# Measuring Tools - New to Me



## Rick_B (Aug 9, 2012)

I've had some recent threads going about measuring tools - quality and usefullness - so I'd thought I'd post here about what i got last night. CL add for machine tools - I called about 20 minutes after it was posted and had them in my hands and hour later. It was a box of "stuff" that a guy was selling - who was an ex-machinist and was cleaning up. I bought the whole box.
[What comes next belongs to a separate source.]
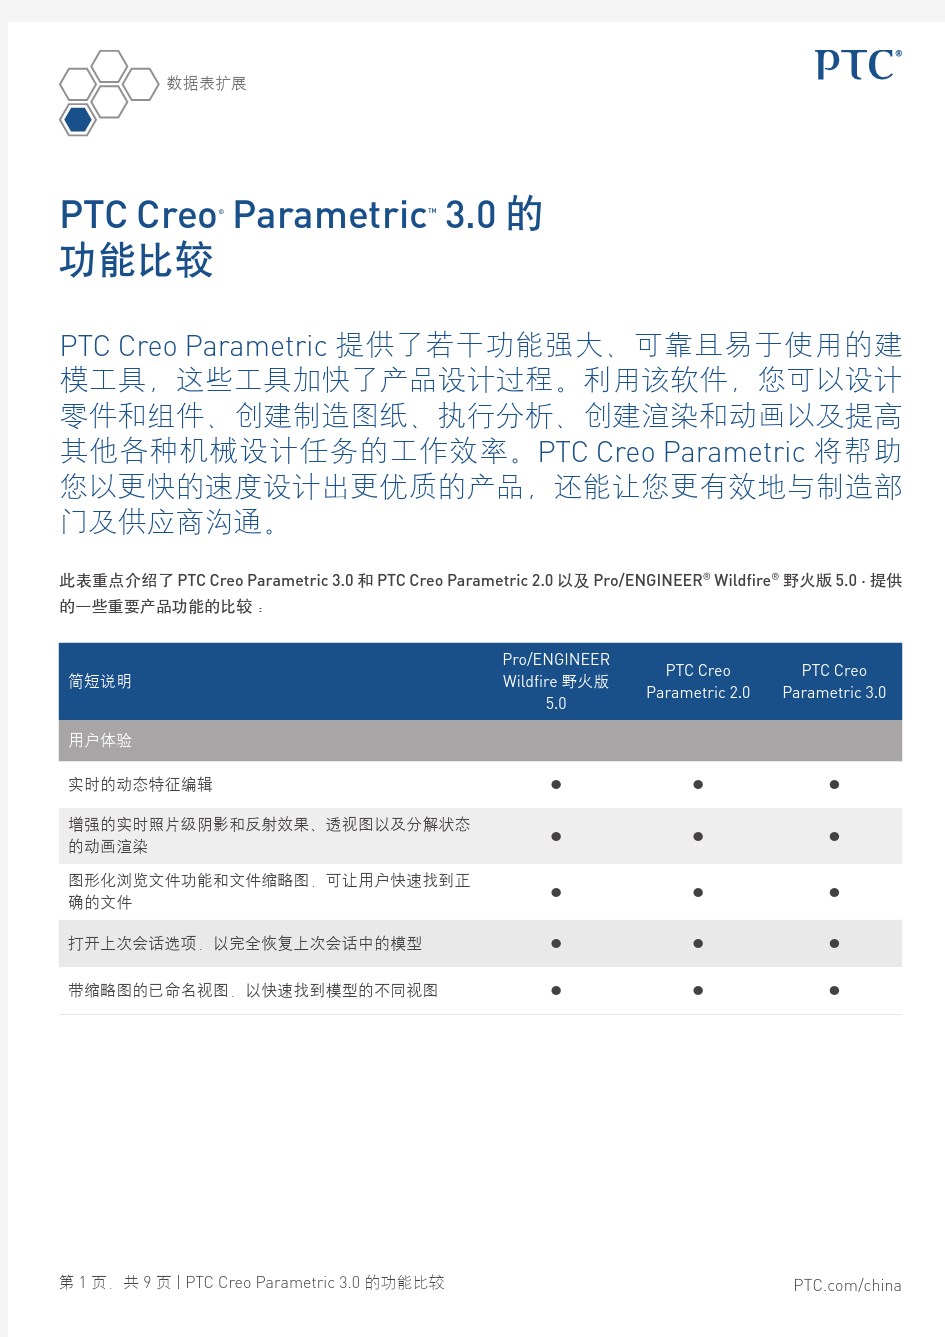 PTC Creo Parametric 3.0 与以往版本的比较

First off the stuff I'm going to keep for sure


B&S 6" caliper, 01, 1-2, 2-3 starret micrometers, starret Vee block and clamp (this may go - not sure about it), two B%S telescoping gages, Randall and Stickney dial indicator and an Albrecht 0-3/8 keyless drill chuck. these are all .001 graduations.
The next bunch is 11 sets of user made parallels, Starrett adjustable parrallel and a surface indicator which doesn't have any markings that I can find but appears to be identical to a Starret


Finally there were 50+ end mills of various sizes and makes - 11 OSG single and double end, 11 TRW single and double end and 30 or so misc end mills - mostly smaller sizes and double end along with 4 saw blades and some small drills. The end mills appear to be mostly new.


I think I did pretty well and if there is any interest in the last two groups I can get more detail - just send me a PM
Thanks
Rick


----------



## HMF (Aug 10, 2012)

Rick-

Nice score. I don't know what you paid for the whole lot, but I bet it was a smoking deal!


:tiphat:Nelson


----------